Mpumalanga MEC for Agriculture, Rural Development, Land and Environmental Affairs
- In office 10 May 2022 – 18 June 2024
- Premier: Refilwe Mtsweni-Tsipane
- Preceded by: Mandla Msibi
- Succeeded by: Nompumelelo Hlophe

Mpumalanga MEC for Cooperative Governance and Traditional Affairs
- In office 24 February 2021 – 10 May 2022
- Premier: Refilwe Mtsweni-Tsipane
- Preceded by: Mandla Msibi
- Succeeded by: Mandla Ndlovu

Speaker of the Mpumalanga Provincial Legislature
- In office 22 May 2019 – 24 February 2021
- Deputy: Vusi Mkhatshwa
- Preceded by: Violet Siwela

Mpumalanga MEC for Social Development
- In office 18 August 2016 – 22 May 2019
- Premier: Refilwe Mtsweni-Tsipane David Mabuza
- Preceded by: Nomsa Mtsweni
- Succeeded by: Thandi Shongwe

Personal details
- Born: Busisiwe Paulina Shiba 10 May 1965 (age 61) Breyten, Mpumalanga
- Party: African National Congress
- Children: 3
- Education: Master’s Degree (Public Management)
- Alma mater: Regenesys Business School
- Profession: Politician

= Busisiwe Shiba =

South African politician (1965)

Busisiwe Paulina "Busi" Shiba (born 10 May 1965) is a South African politician who was the Mpumalanga MEC for Agriculture, Rural Development, Land and Environmental Affairs from 2022 to 2024. She previously served as the Mpumalanga MEC for Cooperative Governance and Traditional Affairs from 2021 to 2022, as the Speaker of the Mpumalanga Provincial Legislature from 2019 to 2021 and as the MEC for Social Development from 2016 to 2019. Shiba is a member of the African National Congress (ANC).

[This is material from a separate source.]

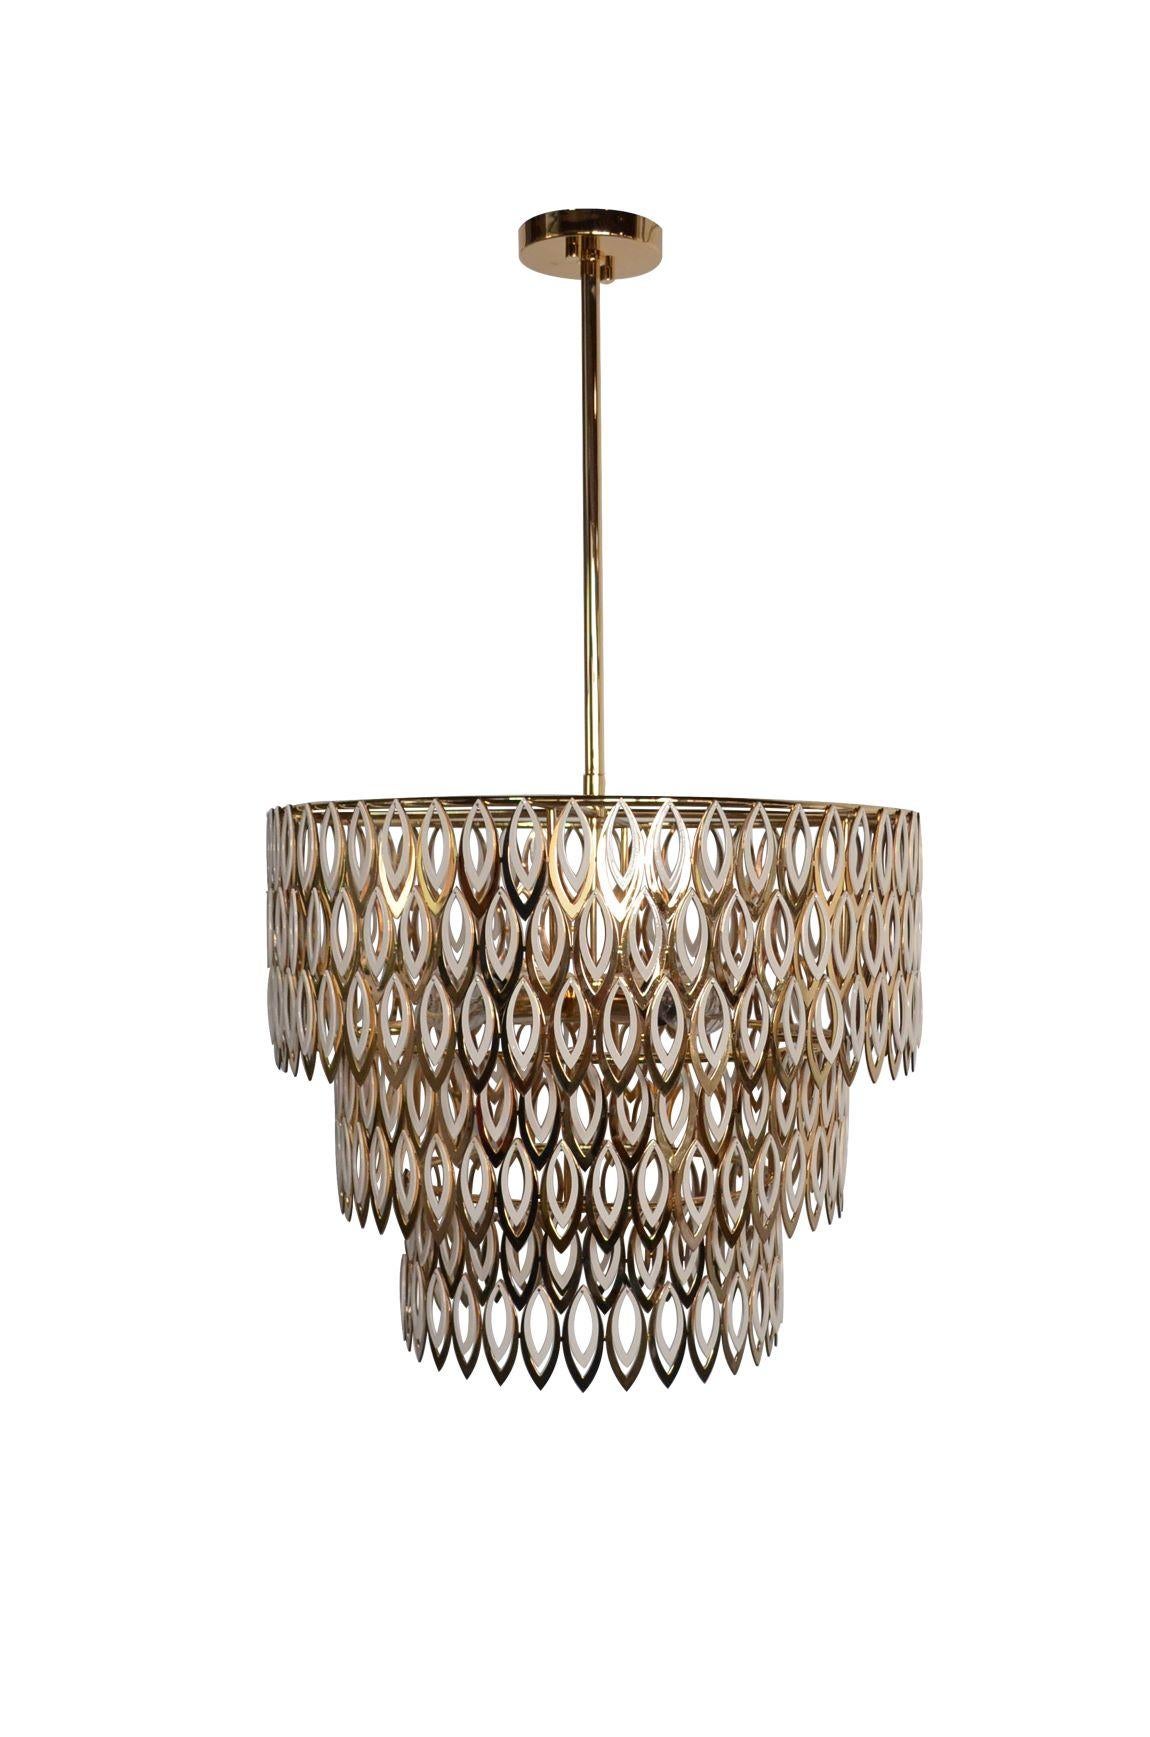 Portuguese 21st Century Petal Suspension Lamp Stainless Steel For Sale
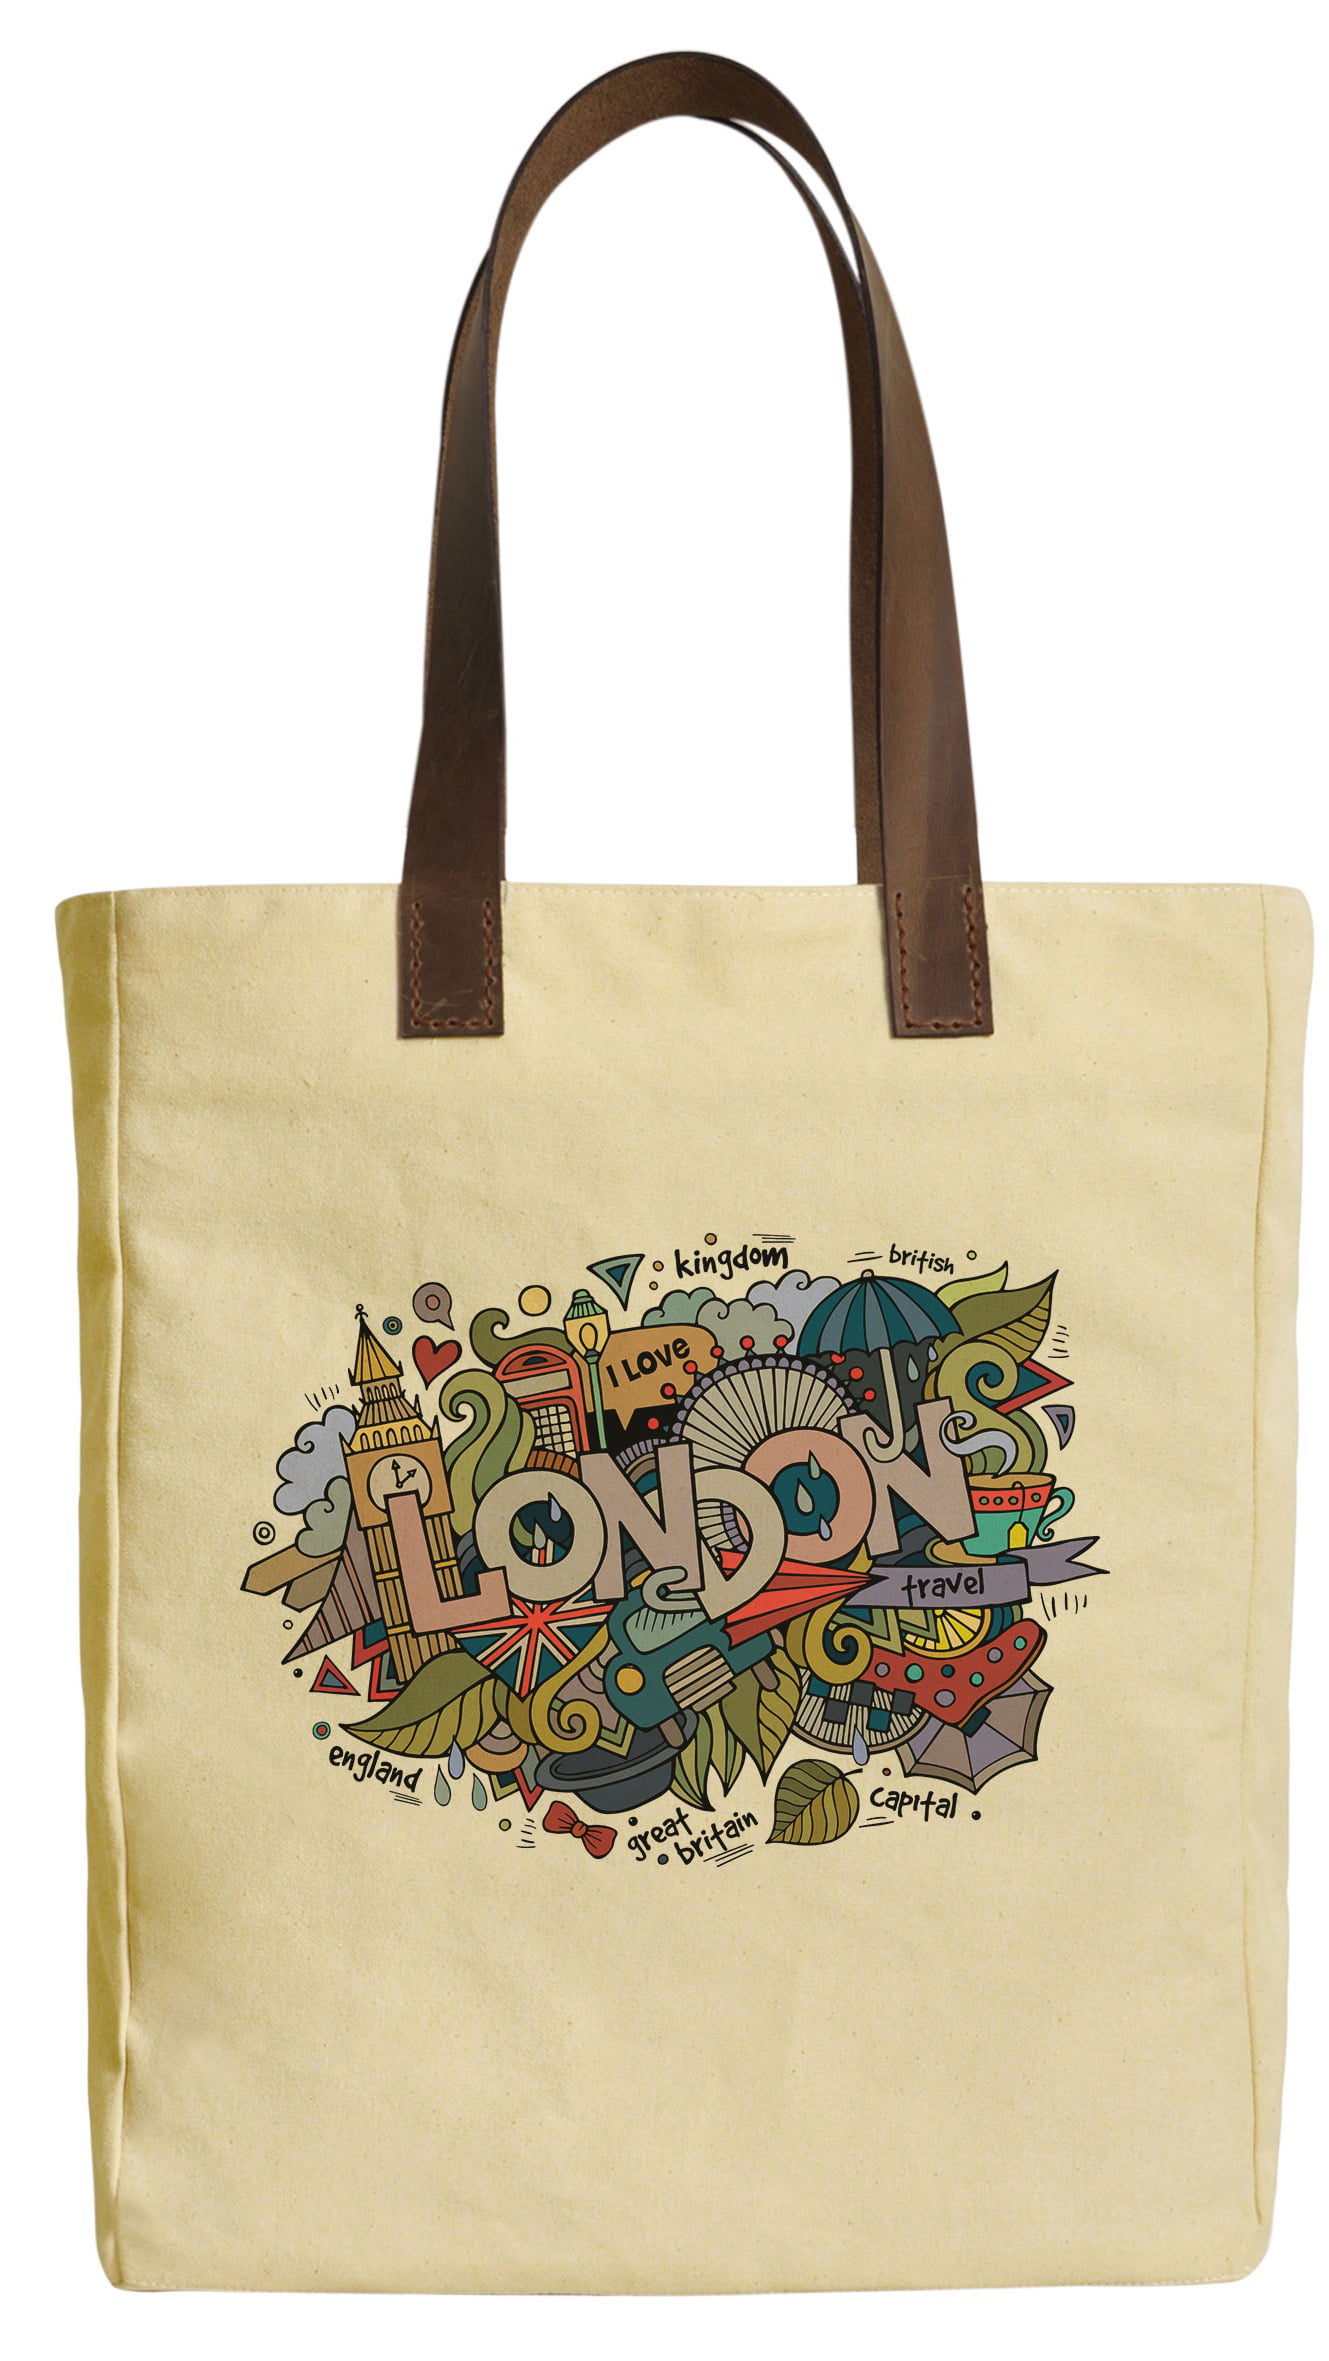 New - London Doodles Elements Beige Printed Canvas Tote Bags Leather ...

Shiba was the mayor of the Chief Albert Luthuli Local Municipality in Carolina before former Premier of Mpumalanga and now deputy president David Mabuza reshuffled his cabinet and made Shiba the new MEC of Social Development soon after the
August 2016 local government elections. She was also appointed the convener of the Mpumalanga African National Congress Women's League (ANC).